I made the mistake of ordering it in America. I'm sure if that's what you are used to it's delightful but it definitely wasn't to my taste.

What’s the difference? I’m very curious!

tolerable · 08/11/2024 18:03

"Waitress...this soup tastes totally different from last time" ME-"Sorry, did you have some earlier today?"
"How impertinent! Fetch me the manager"
ME- "boss table 6 wanna chat bout me"
BOSS "Only table six? well thats an improvement -ok lets do this,you wait here"..goes on floor all charm.
Kitchen door kicks open...".well Tolerable! you yet again excel as arsehole magnet of the day...i repeated -did you have some earlier?guest says "No, I was here in 1987".. Ha!
(was 1990)

Bananabuttons · 08/11/2024 18:05

I have Airbnbs and a guest once marked me down on the review for accuracy because the place was nicer in real life than on the photos.

CommonAsMucklowe · 08/11/2024 18:06

Healingsfall · 07/11/2024 19:48

Buys a takeaway grated cheese baguette, it's made, wrapped properly and he leaves. Comes back 5 minutes later...

"I dropped it on the floor outside, can you replace it."

"I can but you'll be charged for a new baguette".

"But I dropped it on the floor!"

"Yes but it was wrapped correctly, it's not my fault so I can't now give you a free baguette "

"So you expect me to eat food that's been on the floor outside!"

"No, but if you want a new baguette I have to charge you for it."

Said baguette is then thrown at me with the cheese/salad going everywhere then he stormed out.

This used to happen at Waitrose all the time and the management pandered to it. Wine, flowers, chocolates, eggs, bottles of spirits all dropped when loading into their cars. They would come to the desk and ask for a replacement because THEY dropped it. Manager of course said yes every single time. One time I was told to go out and sweep up the glass from a broken bottle in the car park because the lady didn't want to driver over it, it's not even owned by Waitrose but the council. At what point do you take responsibility for your own actions?

riceuten · 08/11/2024 18:10

KnopkaPixie · 07/11/2024 20:43

If they are in hotels they will keep a large handbag and take things from the breakfast buffet. A few days later housekeeping will find some hot yoghurts, purloined teaspoons and various squirrel like things in the safe.
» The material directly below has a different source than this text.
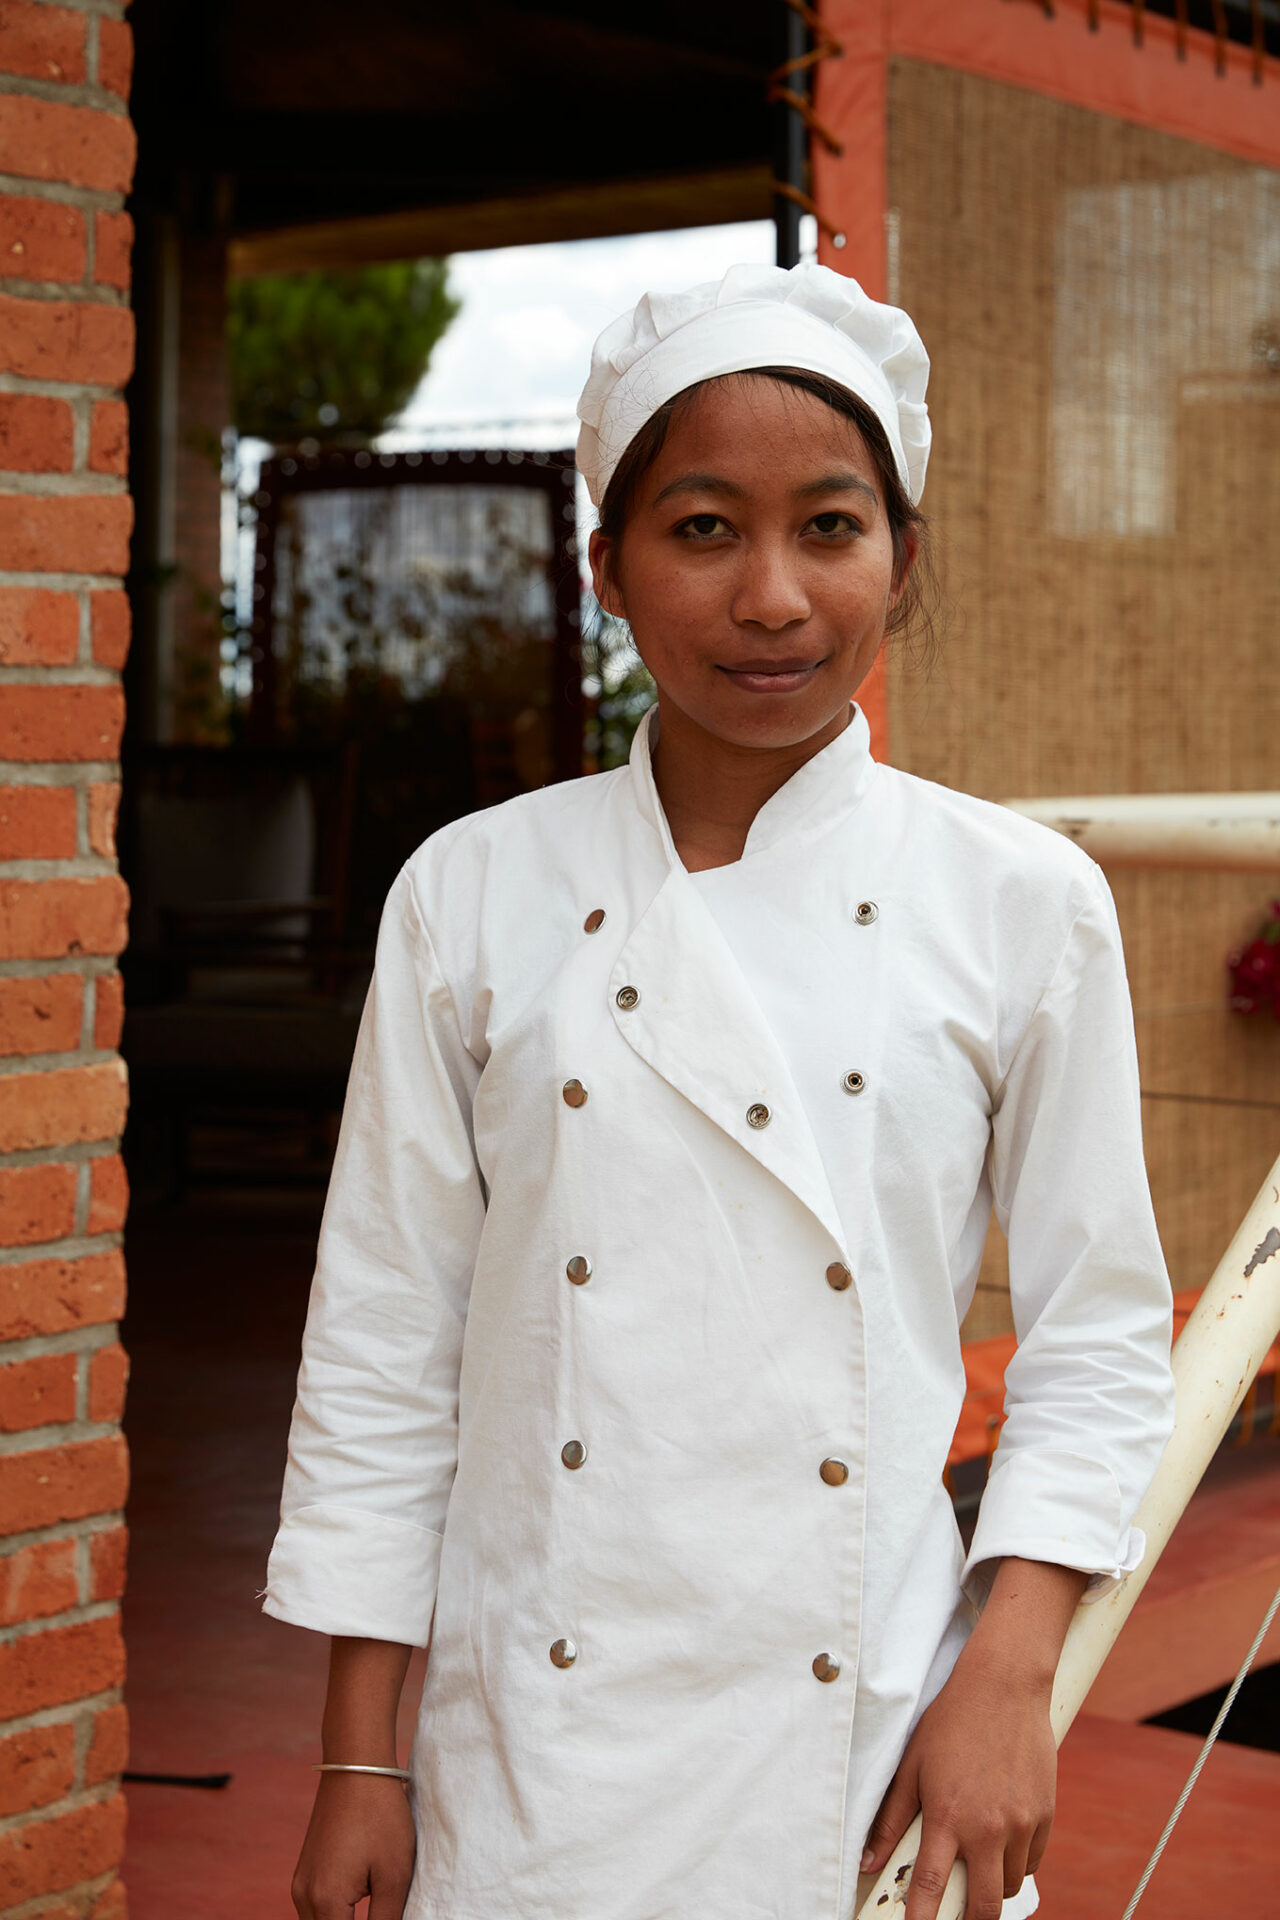 Eine junge madagassische Studentin steht in Kochbekleidung am Geländer einer Außentreppe und lächelt in die Kamera

Taking away cutlery is a common theme.

In Germany, I saw a family (2 adults, 2 kids) make numerous filled rolls at a hotel for a packed lunch (as well as snaffling fruit and yoghurt), and THEN took - I shit you not - 20 rolls from the bakery tray into a large plastic bag, and made an enormous fuss when they were stopped.

In Montenegro, I saw Russian and Ukrainian babushkas approach the buffet with large Tupperware bowls to denude the area of game and cheese. The hotel had bolted the trays to the table because previously they would carry the whole tray away (and sometimes pinch the tray as well).